14. Summary and Outlook

The process of healing skin wounds is intricate, and improper treatment methods can significantly impact this recovery. Consequently, there is a heightened focus on improving approaches for treating skin wounds. This article provides a summary of recent advancements in using hydrogels for such purposes. Hydrogel dressings, owing to their exceptional physical and chemical properties, stand out as an excellent alternative material for addressing minor surface injuries. Moreover, as a form of skin tissue engineering material, hydrogels show promise in substituting skin grafts for treating severe, deep skin injuries. They aid in the regeneration of vascular tissue and skin appendages.

While substantial research has delved into utilizing hydrogels for healing skin wounds, effectively treating chronic and deep wounds remains a persistent challenge. Future investigations into hydrogels aim to reduce costs while enhancing their properties. Addressing chronic wounds remains a primary focus for upcoming research endeavors.
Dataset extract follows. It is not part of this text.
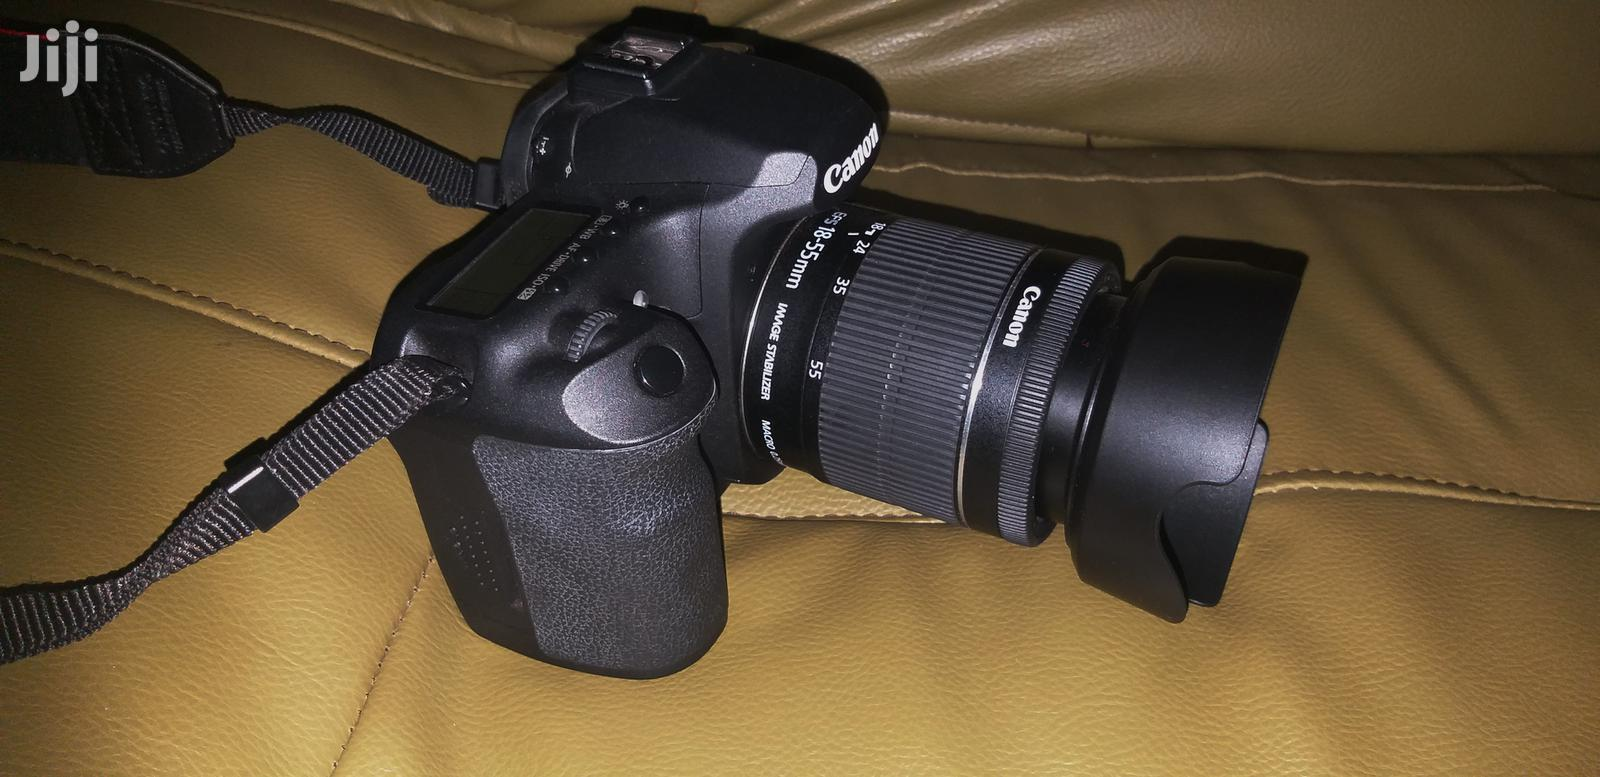 Canon EOS 50D DSLR Camera | Photo & Video Cameras for sale in Kampala, Central Region, Uganda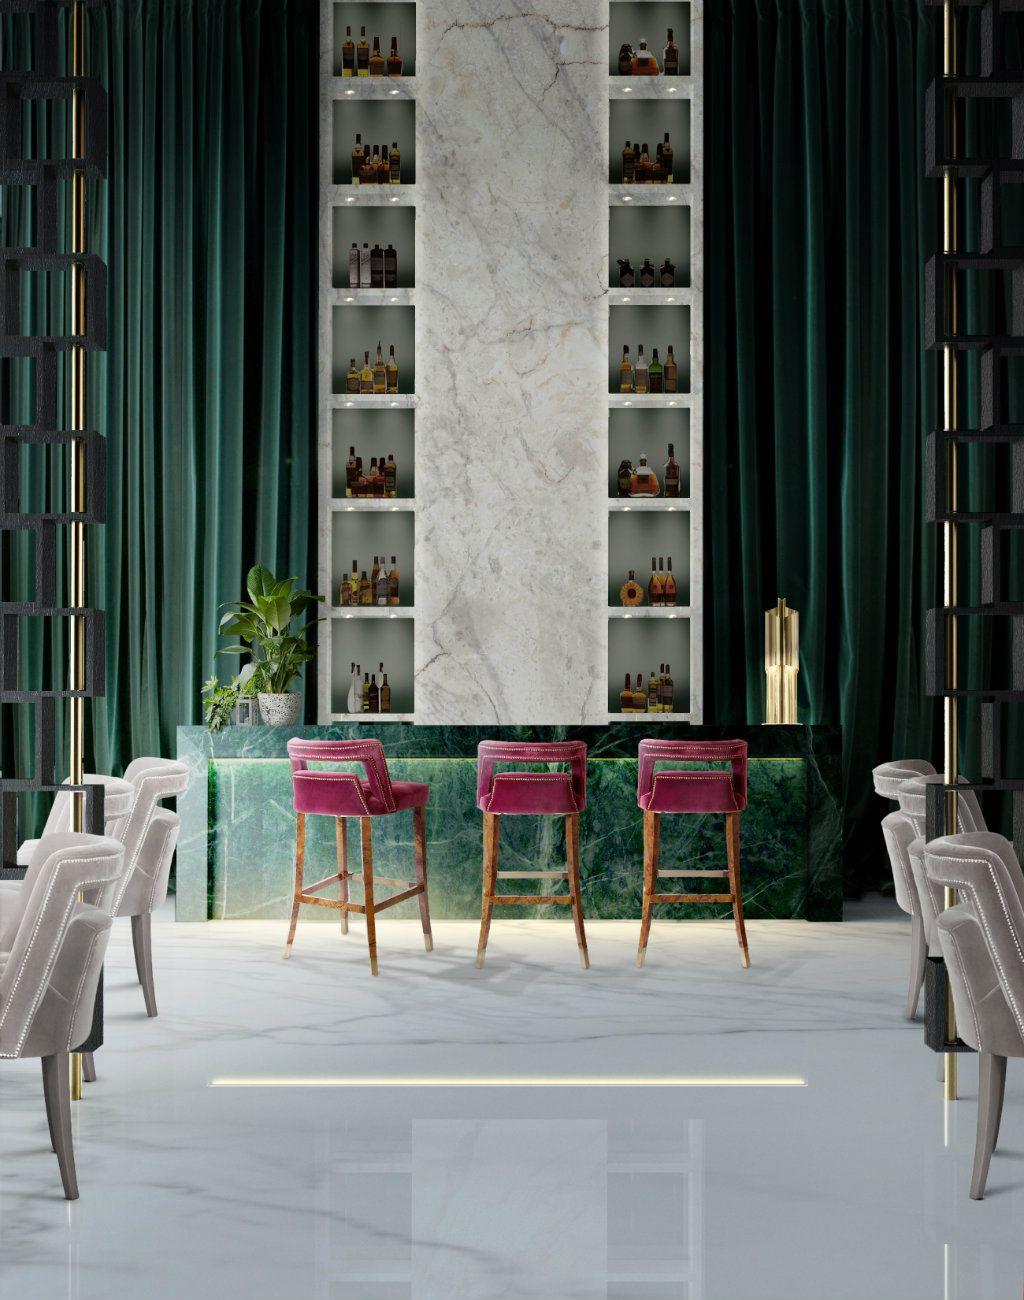 Bar decoration ideas with purple bar stools

To achieve this objective, it is necessary to discover more bioactive hydrogel materials that can provide the following features:

• They must have advanced mechanical features so that they can withstand the dynamic nature of wound environments.
• Designing smart hydrogels can enable hydrogels to dynamically respond to changes in the wound environment and adapt properties based on specific healing stages.
• They must have advanced drug delivery capability and be effective with the controlled release of therapeutic agents to promote healing and prevent infections.
• The development of hydrogels with suitable degradation profiles can address concerns about their durability and possible removal methods.
• The hydrogel formulation must be tailored to the patient’s needs; considering factors such as skin type and wound characteristics can increase the formulation’s effectiveness and reduce side effects.